"It just works" is a factor for a lot of people and businesses.
Whether or not this is possible because Microsoft is an aggressive, monopolistic company is a different conversation altogether.
I pulled up Azure last weekend to see what the pain level would be on standing up a new corporate environment for our organization. It turned out to be so easy I just did most of it on Friday night. The thing that was most staggering to me was the ease with which I could provision AD DS services. I don't even know where those computers are. I am more than happy to not have that problem on my hands anymore. Some of you will argue that this is a perk of Azure and not Windows, but I would say that Windows is the enabling factor behind a lot of this automation.
On Monday morning, I handed everyone new windows credentials and it all just worked. No fucking bullshit. VPN, certs, office, outlook, visual studio, everything.
For organizations that don't have time for bullshit, Windows seems like a reasonable option to me.

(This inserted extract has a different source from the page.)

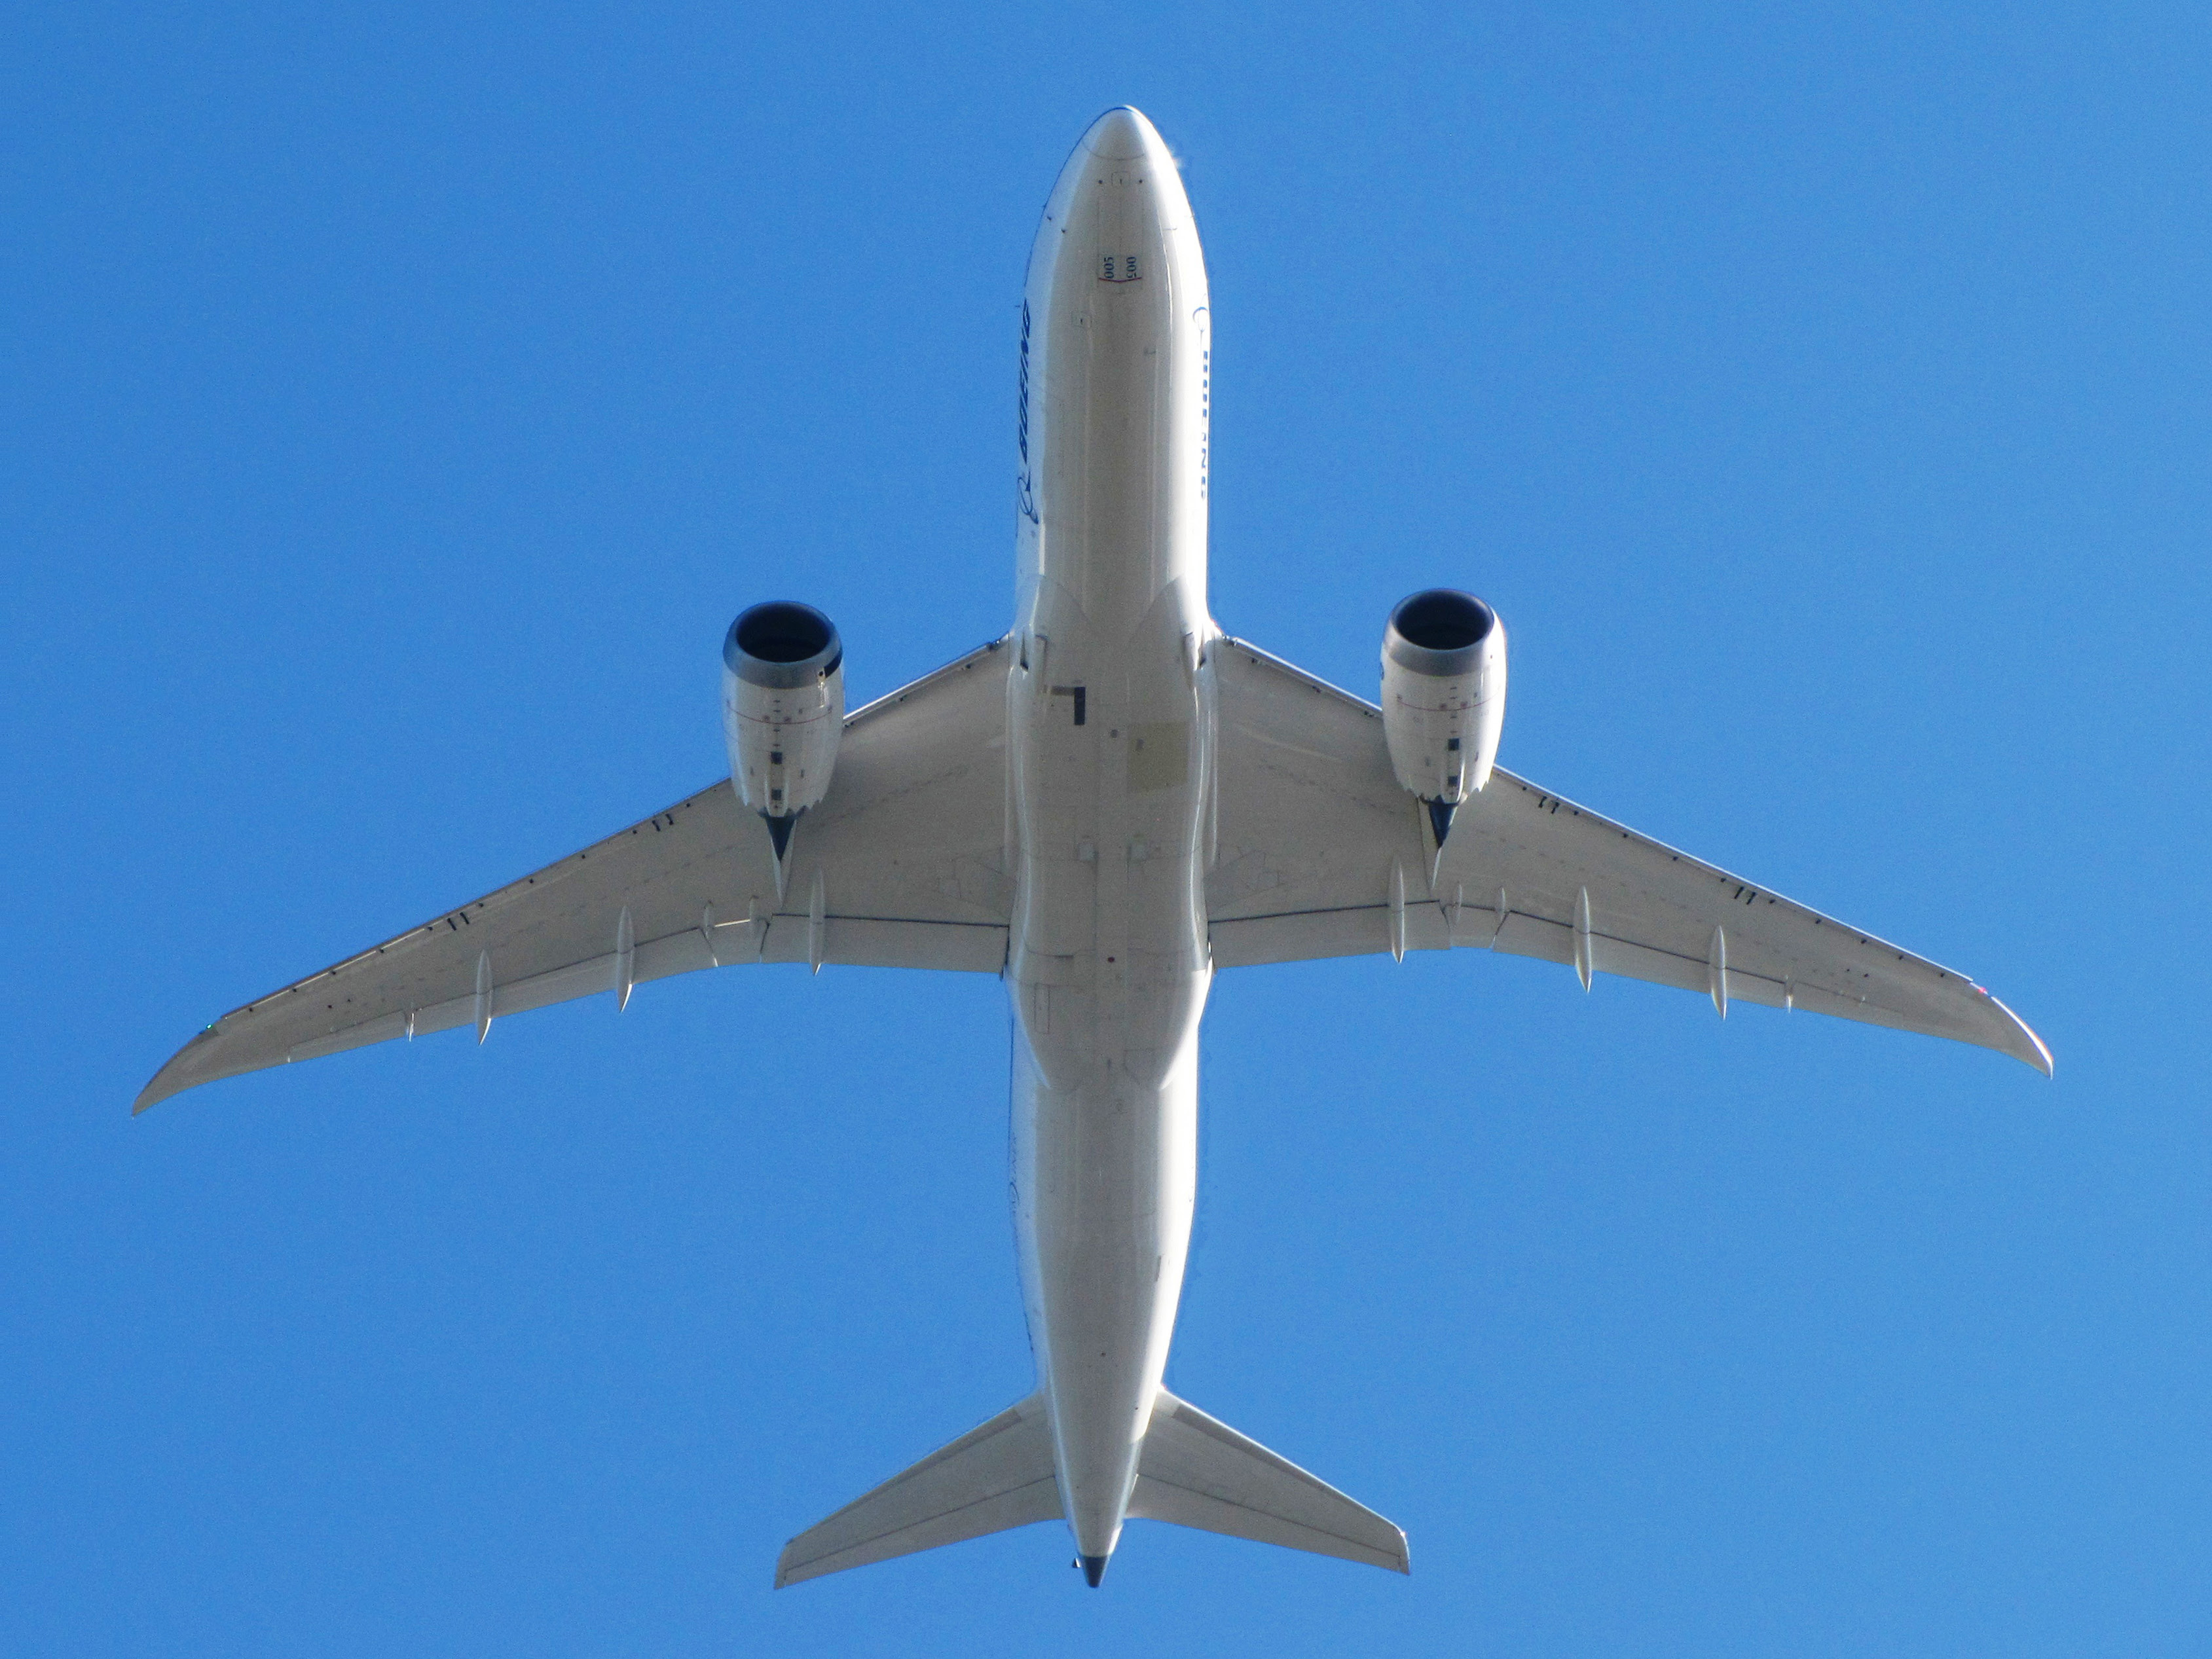 Boeing 787 Dreamliner - Wikipedia, the free encyclopedia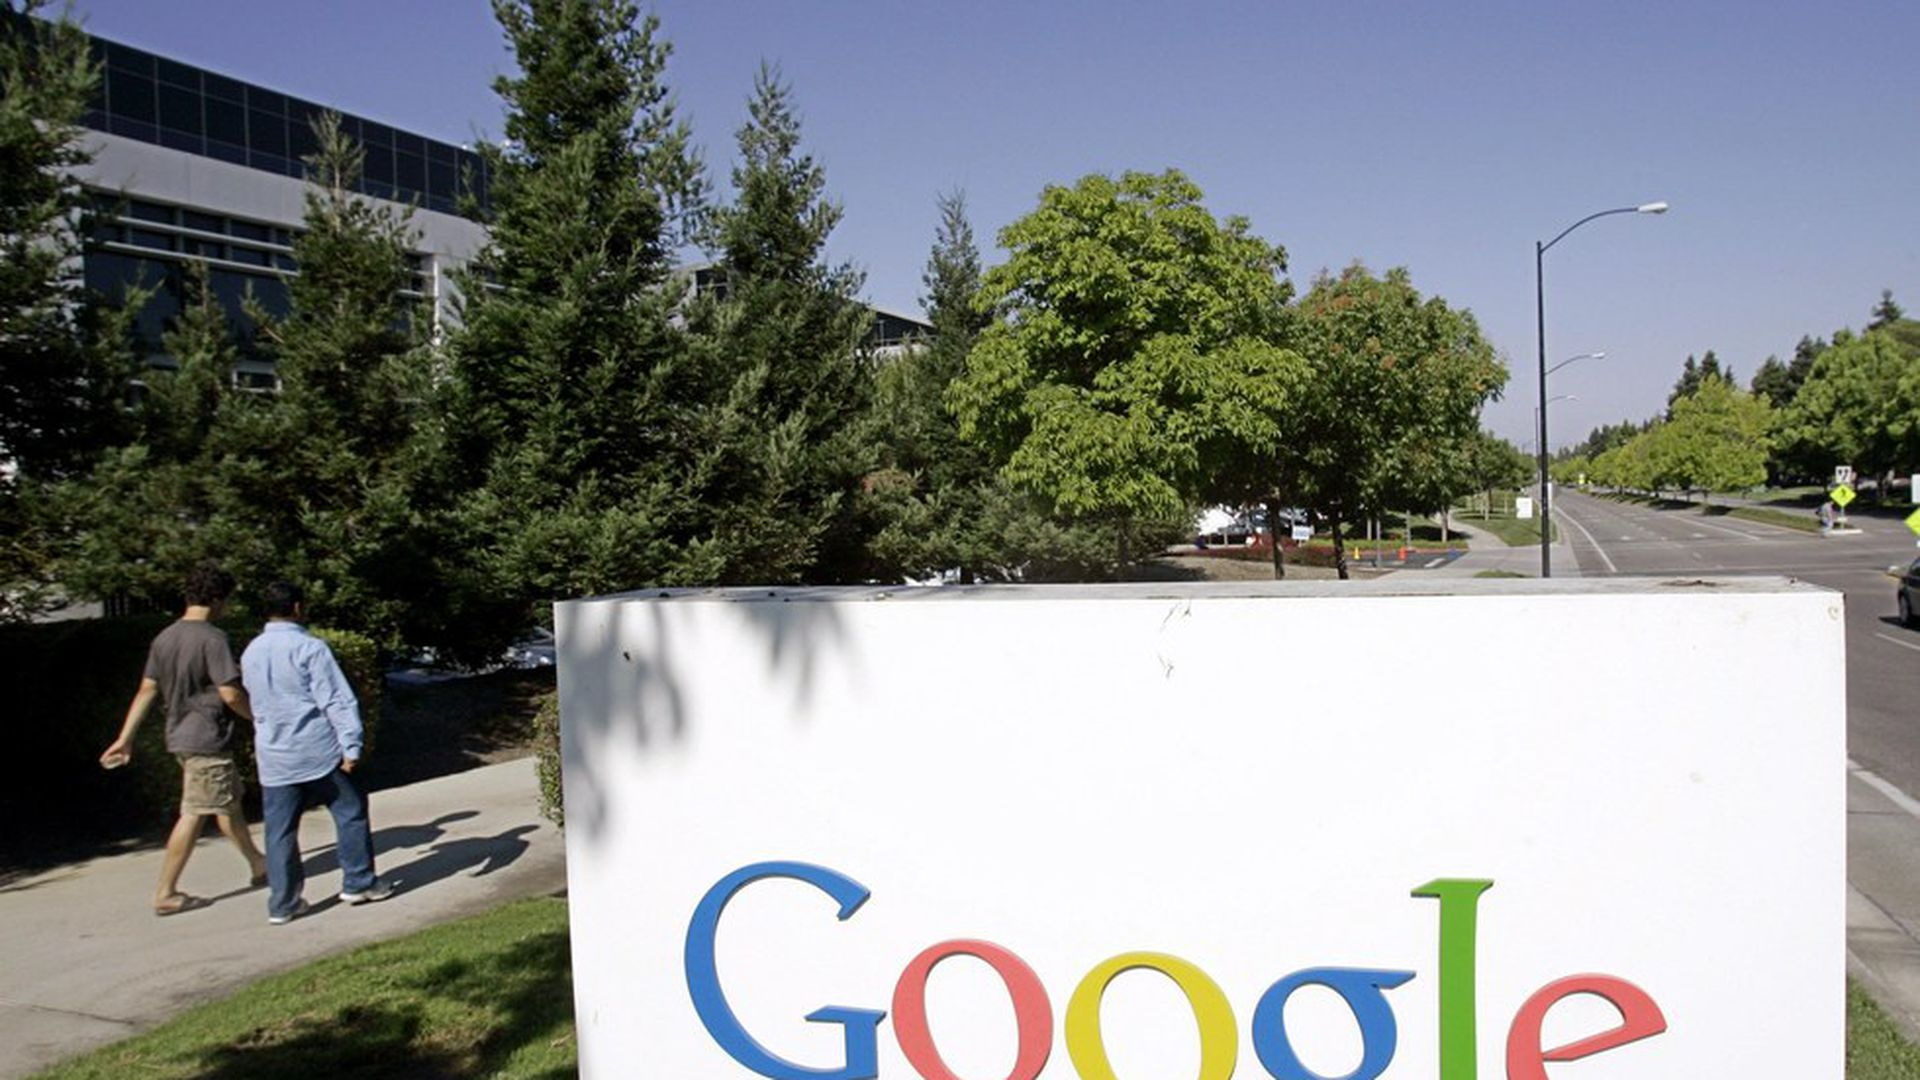 Exclusive: Google launches AI investment platform

I know a lot of you can come up with an unlimited supply of one-off reasons why windows should never be used, but the harsh reality is the entire ecosystem considered together is fucking wonderful if you don't have an unlimited IT budget and need to turn a profit to survive.
I'm in the middle of installing Windows for business purposes, and this is far from my experience. I've yet to see it "just work."
Installation was a hassle! THREE hours just staring at a various setting-up screens. And then it has the gall to bully me for using an offline account; it screeches about my "diminished experience" because I refuse to accede to its native advertising. Want to uninstall Edge? Sorry, your moral superiors at Microsoft decided it's better for your own good that you don't.
Now I'm having to jump through hoops to figure out how to get it to use a shared directory, all because Microsoft decided they _just_ had to cut its own path through the CLI jungle as opposed to just using bog-standard bash.
The ecosystem seems user-hostile and full of more bullshit than any amount of Linux. I just don't see it.
Nit pick: Bash is only standard on GNU, it has never been standard anywhere else. You may be thinking of the Bourne shell, although neither bash nor the Bourne shell include a standard for shared directories, so I'm curious what you mean is bog-standard there.
I'll have to review my shell terminology; however, I'll assume you're correct here, and in that case I'll eat crow on both points. I appreciate the nit-pick! It's good information, and an obvious blind-spot that I should improve upon.
The "bog-standard" I'm referring to is my ability in various Linux distros to easily find and mount network-shared directories. I assumed this was some power of bash, but if not then I'll reflect on that and find whichever utility enables the ease of my workflow.
Well, better is subjective but a couple of reasons that make it a default choice for most use cases:
- User familiarity
- Prevalence
- Pre-installed
As an aside, I’ve installed plenty of Linux instances on people’s old hardware. In situations where I’ve set it up so everything “just works”, and where they were not big Windows users in the first place (so didn’t have to re-train muscle memory/find things) I found they got along just fine.